Veronica cymbalaria, the pale speedwell, glandular speedwell or cymbal speedwell is a species of flowering plant in the Plantaginaceae (Plantain) family. It is native to countries surrounding the Mediterranean and a little further afield, and has been introduced to parts of the Americas and New Zealand.

==Description==
A sprawling, white-flowered annual speedwell, able to cover areas under the right conditions, resembling Veronica hederifolia (Ivy-Leaved Speedwell) but with white flowers (6–12 mm diam) and more numerously lobed leaves (5-9 lobes). The sepals holding the flowers and fruit have broad lobes, whilst the fruit is shallowly dented at the top. The plant is usually lightly hairy, but can be very hairy or hairless.

==Taxonomy==
Veronica cymbalaria was given its scientific name in 1798 by Pierre Henri Hippolyte Bodard. It is part of the genus Veronica which is classified in the Plantaginaceae family.
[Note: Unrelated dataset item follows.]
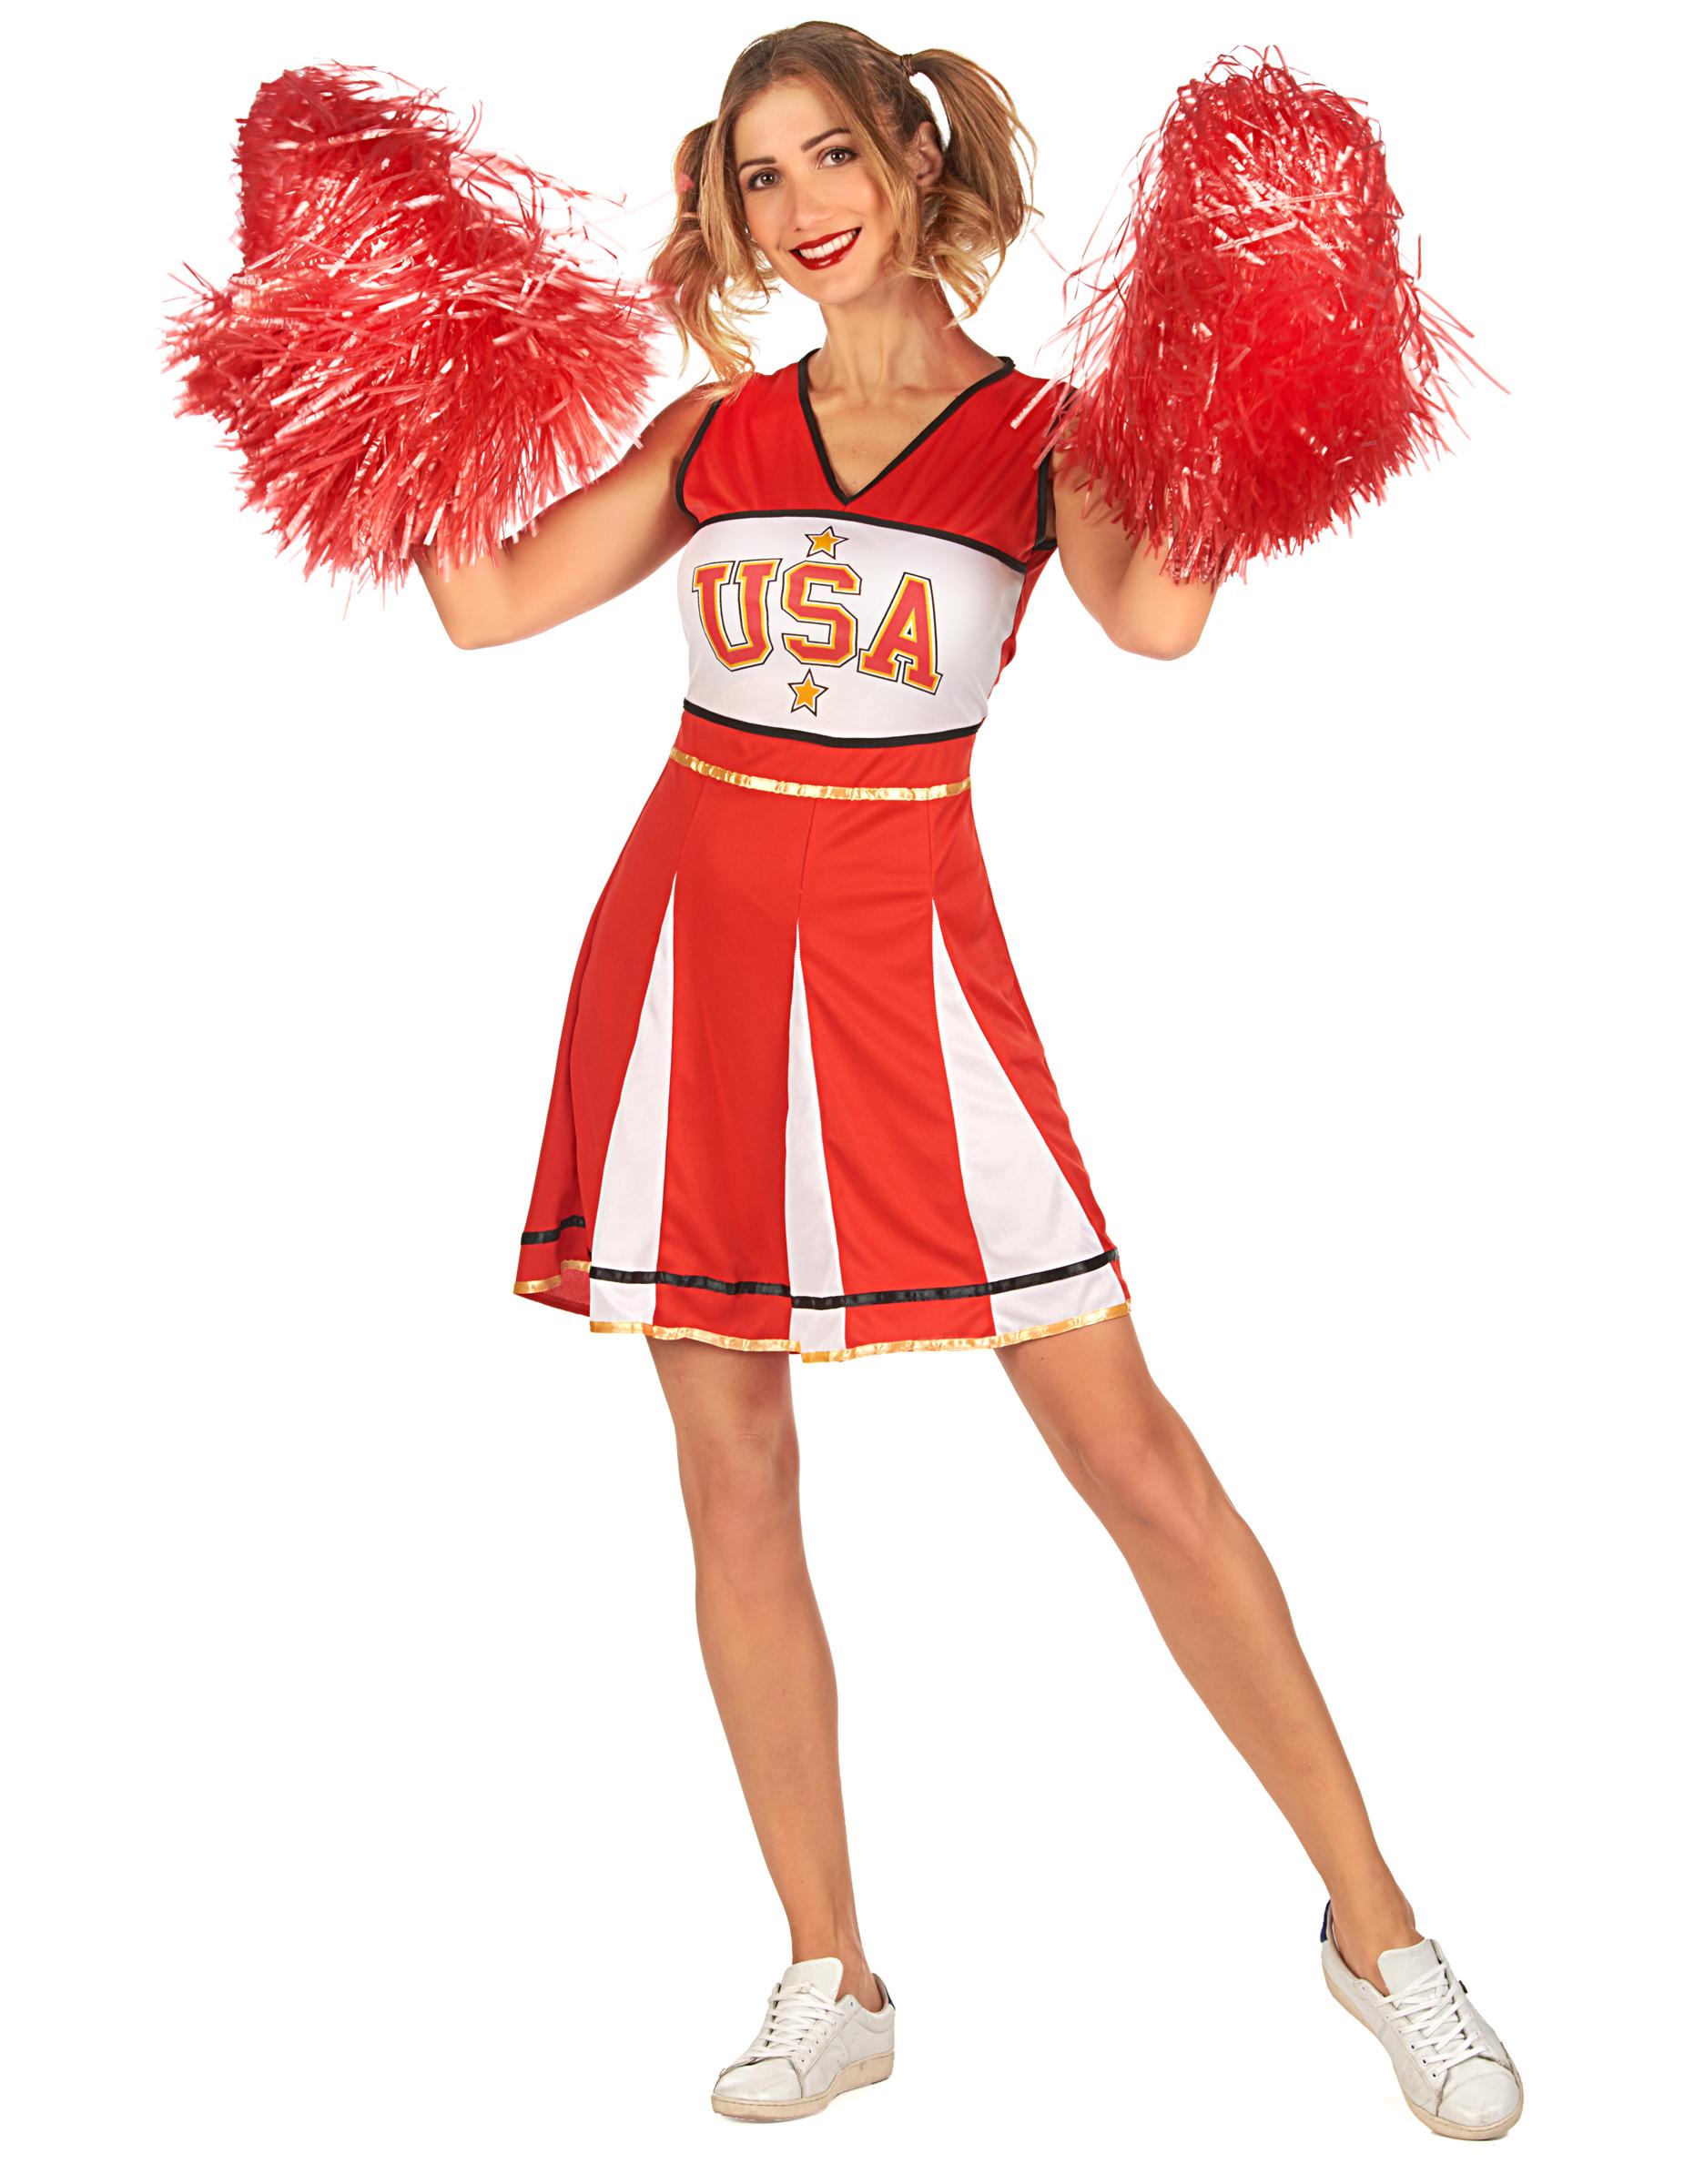 Déguisement pompom girl USA rouge femme

It has no accepted subspecies or varieties, but has several among its synonyms.

Table of Synonyms
| Name | Year | Rank | Notes |
| Cochlidiosperma cymbalaria (Bodard) Opiz | 1839 | species | ≡ hom. |
| Pocilla cymbalaria (Bodard) Fourr. | 1869 | species | ≡ hom. |
| Veronica bodardii Jord. & Fourr. | 1866 | species | = het. |
| Veronica cuneata Guss. | 1855 | species | = het. |
| Veronica cymbalaria var. fallacina (Jord. & Fourr.) Rouy | 1909 | variety | = het. |
| Veronica cymbalaria subsp. glandulosa Peev | 1978 | subspecies | = het. |
| Veronica cymbalaria var. longipes (Jord. & Fourr.) Rouy | 1909 | variety | = het. |
| Veronica cymbalariifolia Vahl | 1804 | species | = het., nom. illeg. |
| Veronica cymbalariifolia var. fallacina (Jord. & Fourr.) Rouy | 1909 | variety | = het. |
| Veronica cymbalariifolia var. longipes (Jord. & Fourr.) Rouy | 1909 | variety | = het. |
| Veronica fallacina Jord. & Fourr. | 1866 | species | = het. |
| Veronica glandulifera Freyn | 1876 | species | = het., nom. illeg. |
| Veronica longipes Jord. & Fourr. | 1866 | species | = het. |
Notes: ≡ homotypic synonym; = heterotypic synonym

==Distribution and habitat==

Native to countries around the Mediterranean and slight further afield - Native to Albania, Algeria, Baleares, Bulgaria, Corsica, Cyprus, East Aegean Islands, France, Greece, Iran, Iraq, Israel, Italy, Crete, Crimea, Lebanon, Syria, Libya, Morocco, Palestine, Portugal, Sardegna, Saudi Arabia, Sicily, Spain, Tunisia, Turkey and ex-Yugoslavia countries, and introduced to Belgium, Chile Central, Great Britain, Louisiana, Netherlands, New Zealand North.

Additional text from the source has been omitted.